Stephanie: What made you decide to become an archivist?
I have always loved history and I had the opportunity to work in archives while doing a graduate degree in public history. This experience was very positive – not only did I have a better opportunity to interact with a wide range of people interested in history, but I also was able to build tools (e.g., finding aids and guides to records) that would be used by subsequent researchers and staff. It was a good way to contribute to furthering access to local and Canadian history.

Stephanie: How did you become an archivist?
I entered the Masters of Library and Information Science program at the University of Western Ontario with the express desire to become an archivist.

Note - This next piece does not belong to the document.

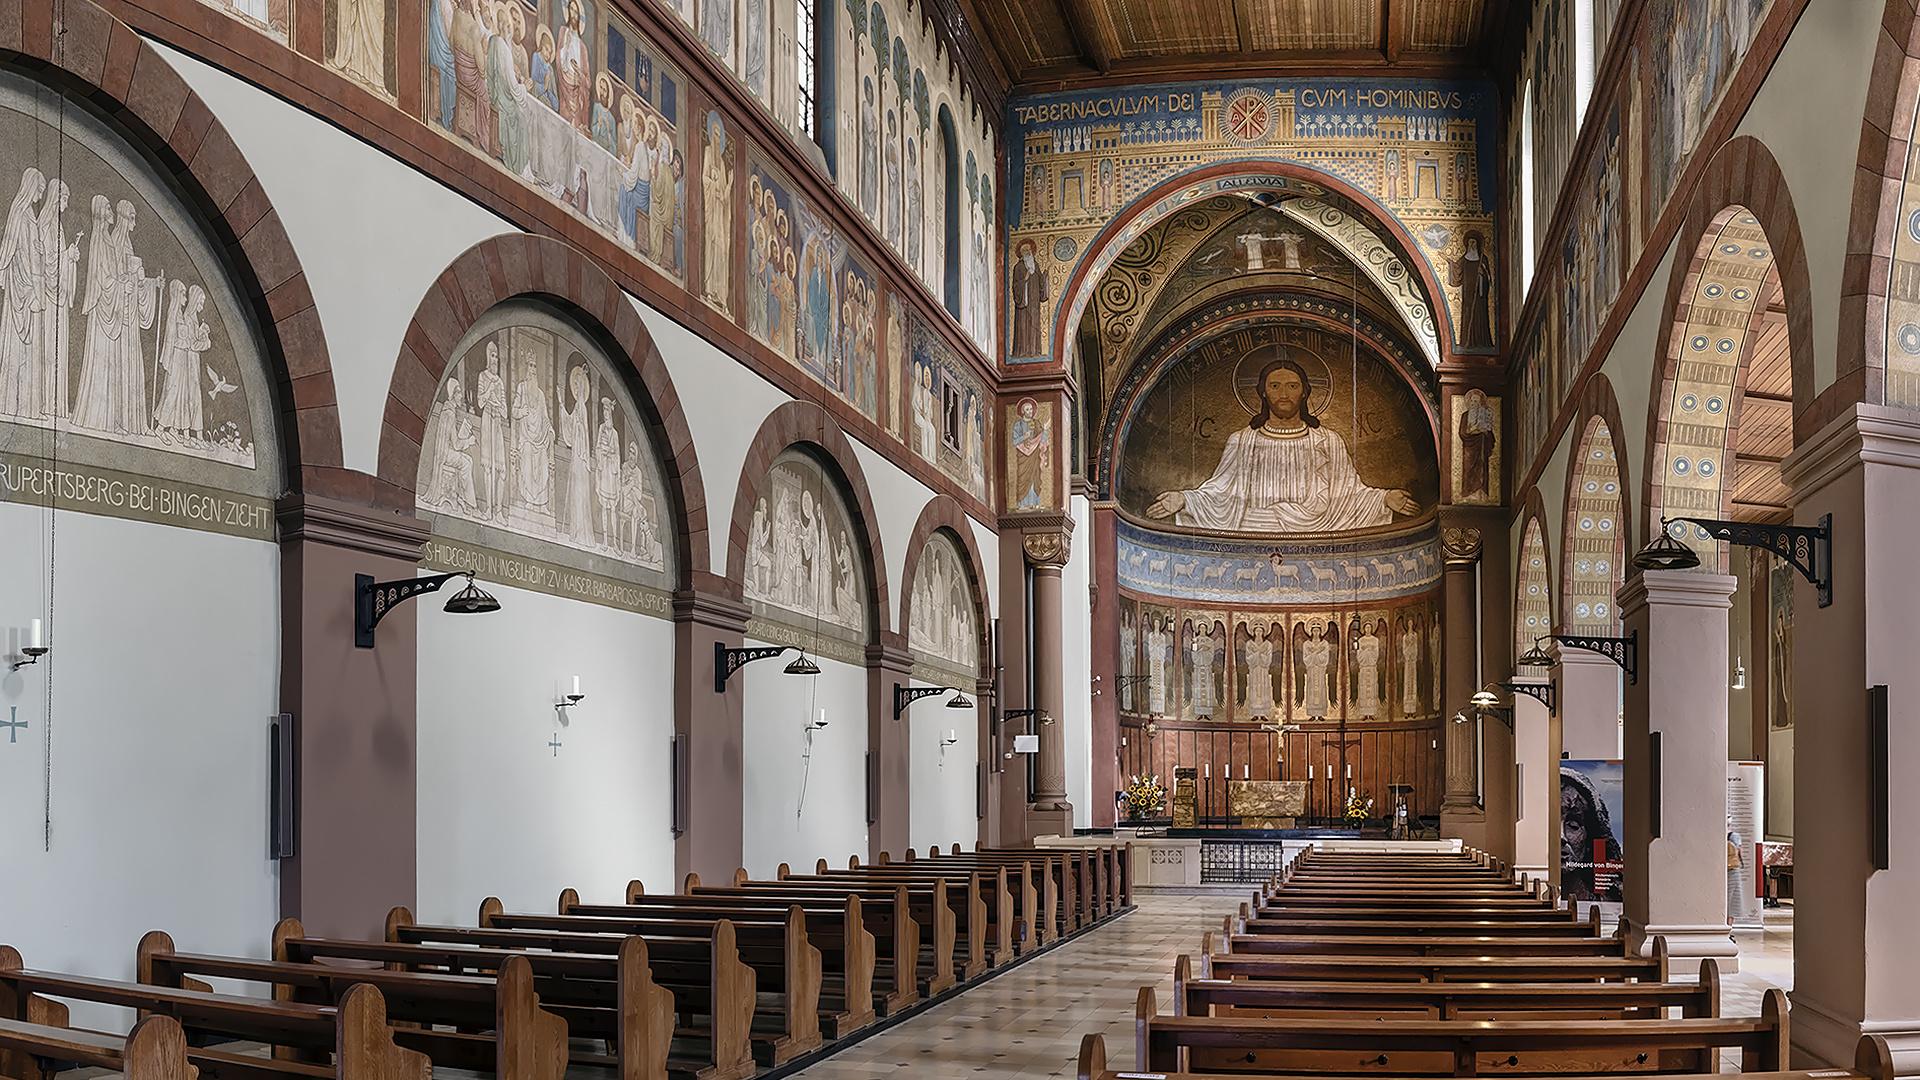 Klosterbasilika SANKT HILDEGARD in Rüdesheim am Rhein

Stephanie: What do you like about your job?
I enjoy working with different sorts of clients -- co-workers, authors, media organizations (including Miramax's "Project Greenlight" featured on HBO), genealogists, students, and historians. I also enjoy creating tools that people will use to access information in my archives – especially a new archival catalog for my archives that I am developing on-line.

Stephanie: What is your least favourite part of the job?
Archives and archivists are always appreciated when their parent organizations need something at the last minute and we can provide the resources. My least favourite part of my job is having to remind my parent organization of the importance of its own history when it isn't
"crunch time."

Stephanie: What advice do you have for someone considering becoming an archivist?
Be prepared to make the most of the tools you have around you. You need to be innovative. Make partnerships inside your own organization and without. You never know when the graphic designer from another department will come in handy when you wish to produce an eye-catching, professional display, or when a professional organization can help you to raise the public profile of your archives.

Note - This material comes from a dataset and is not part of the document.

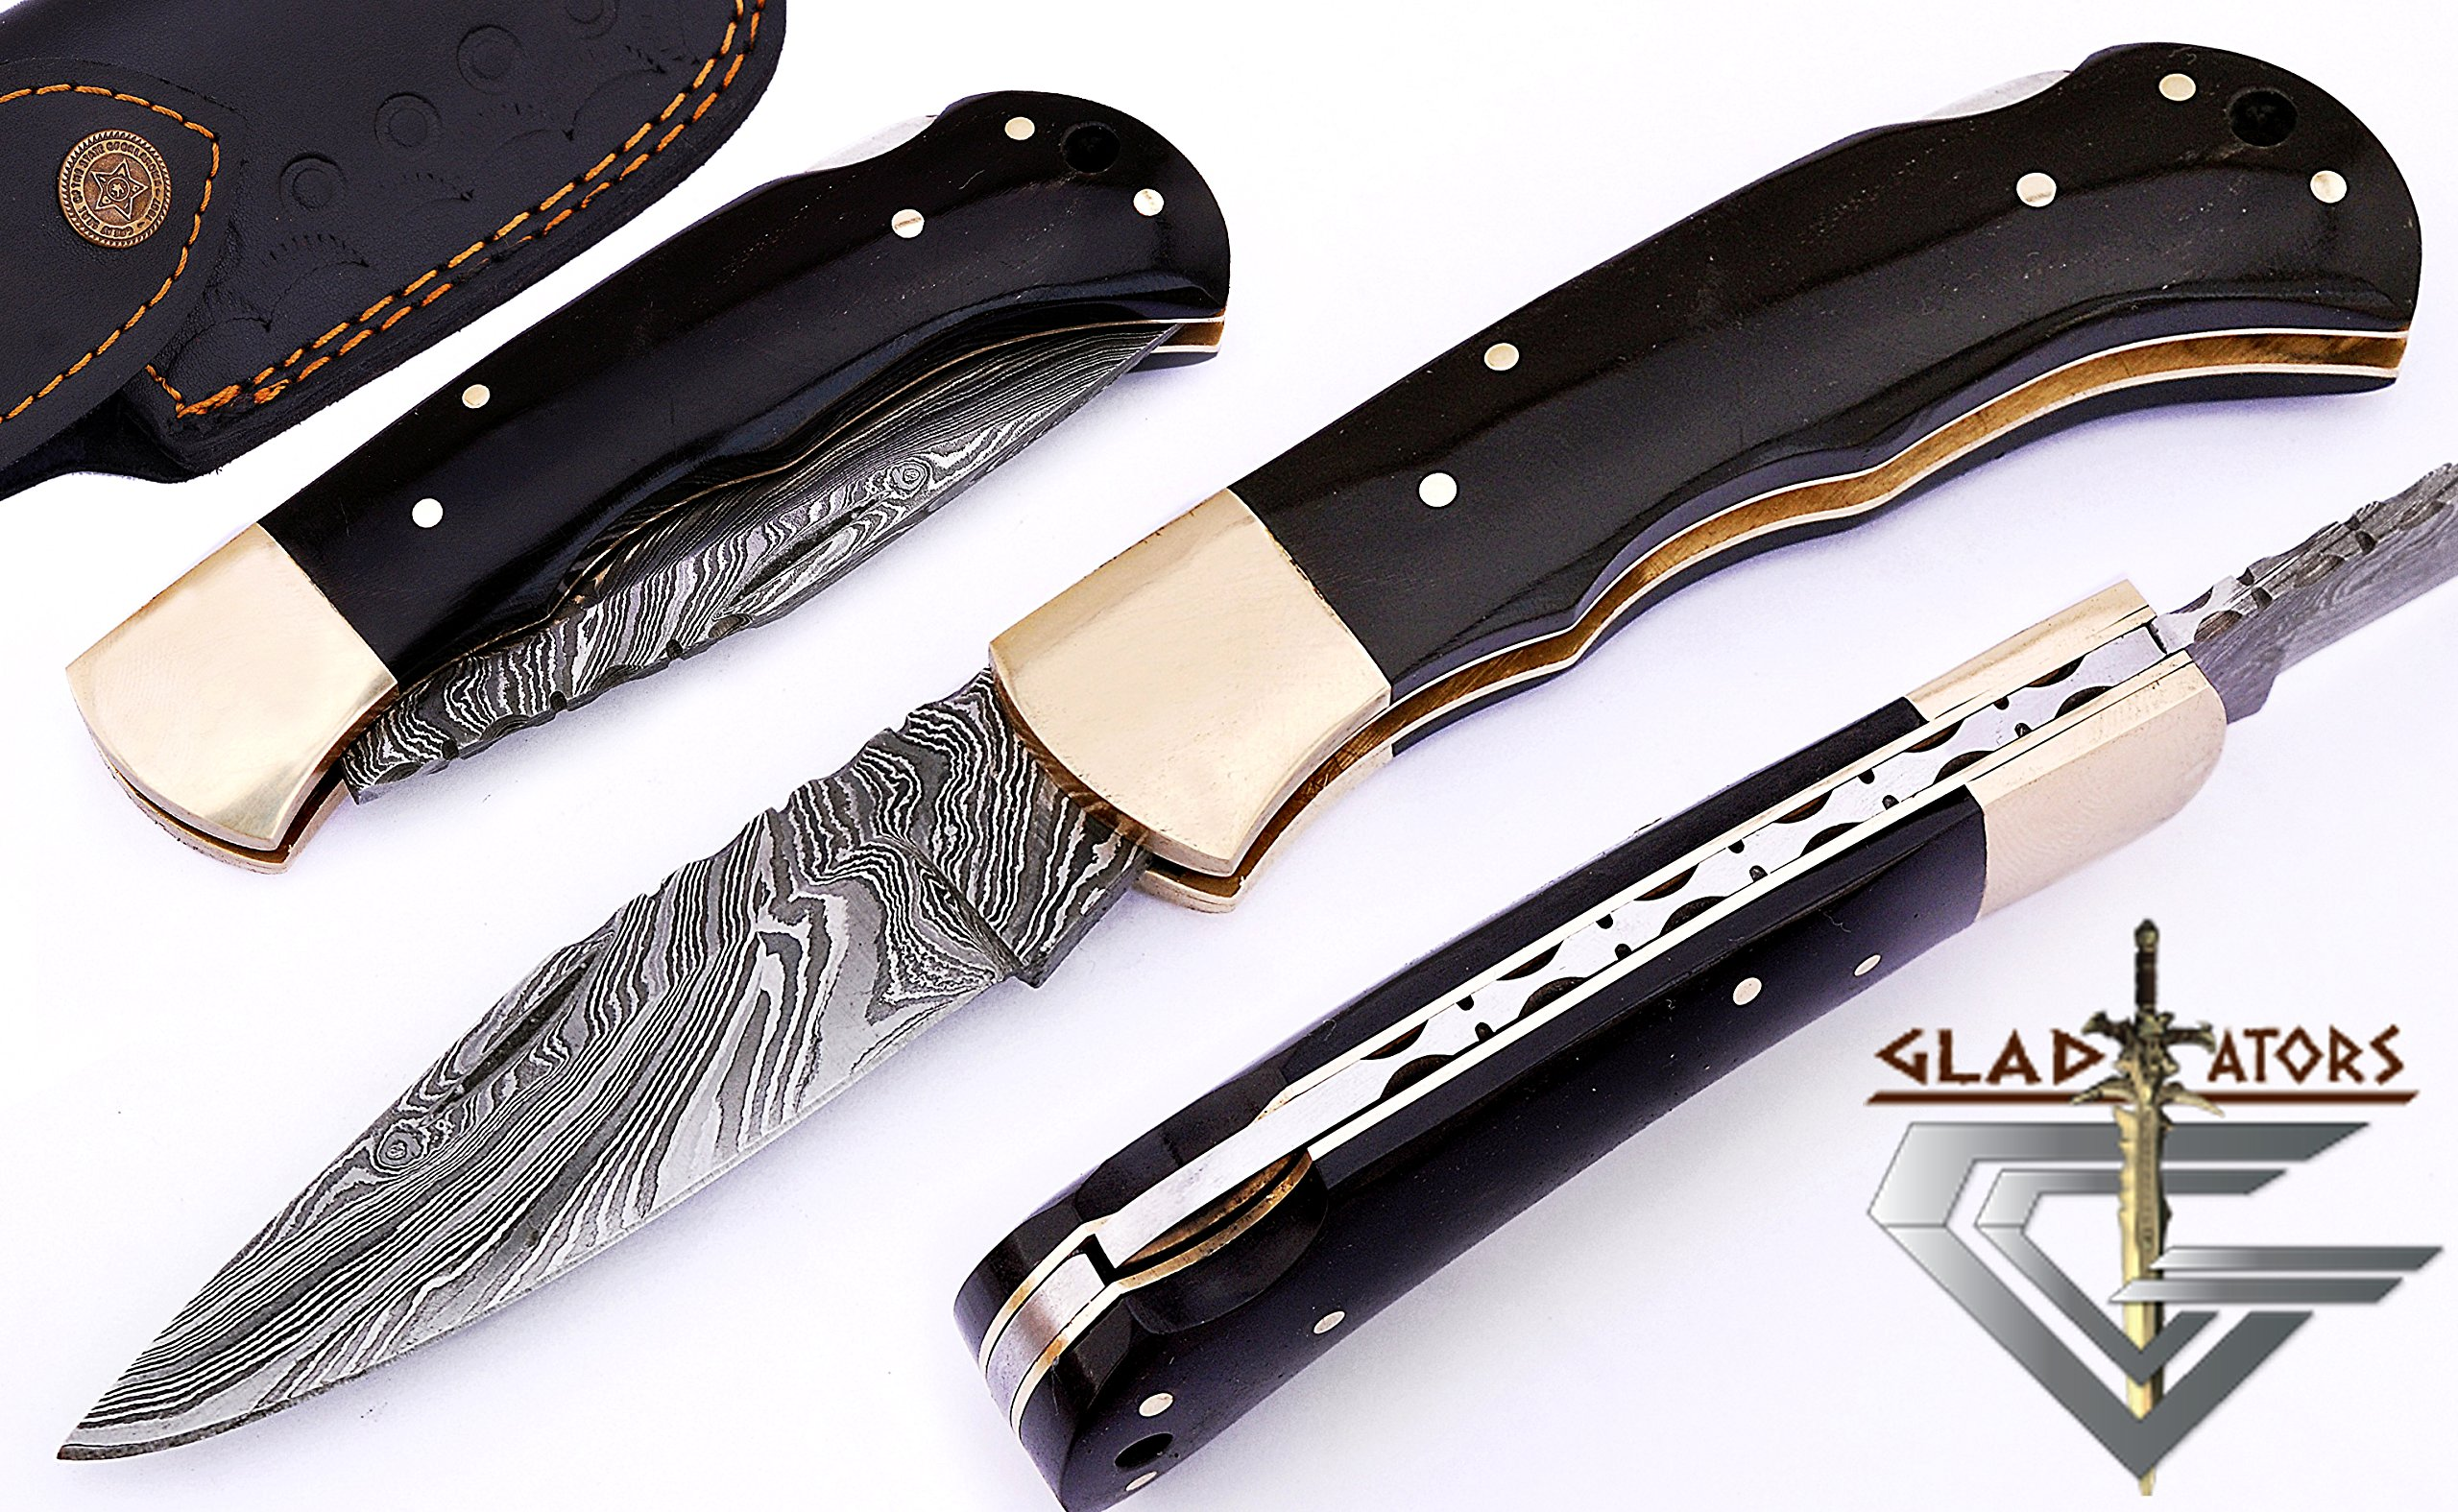 GladiatorsGuild 6011H Damascus Steel Best Folding Pocket Knife Cool Camping Hunting Knives Unique Damascus Blade Pattern (Black Horn)

Stephanie: What kind of an education do you need to be an archivist?
Typically, there are three routes to becoming an archivist. The first is to have a background in history (usually an MA) with practical training or course work offered by a professional archival association. The second is to have a Masters in Library and Information Science, with an archives specialization. The third is to have a Masters in Archival Science/Studies (MAS).

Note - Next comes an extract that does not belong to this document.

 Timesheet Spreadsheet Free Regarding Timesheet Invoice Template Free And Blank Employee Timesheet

The first two routes have predominated, but there are more MAS programs now, usually being offered by a Library and Information Science program that also offers the more traditional MLIS

Stephanie: What kind of education did you get?
I have an honours BA in history. I did one year of a Masters in Public History degree, and I have a Masters in Library and Information Science. I tailored my courses to ensure that I would have some knowledge of many aspects of managing and working in archives. I studied personnel management, financial management, database development, cataloging, web site design, reference services, marketing, as well as archival theory and practice.

Stephanie: What is your favourite book?
Fiction? 'The Lord of the Rings' by J.R.R. Tolkien. Non-Fiction? 'The Soul of Battle' by Victor Davis Hanson.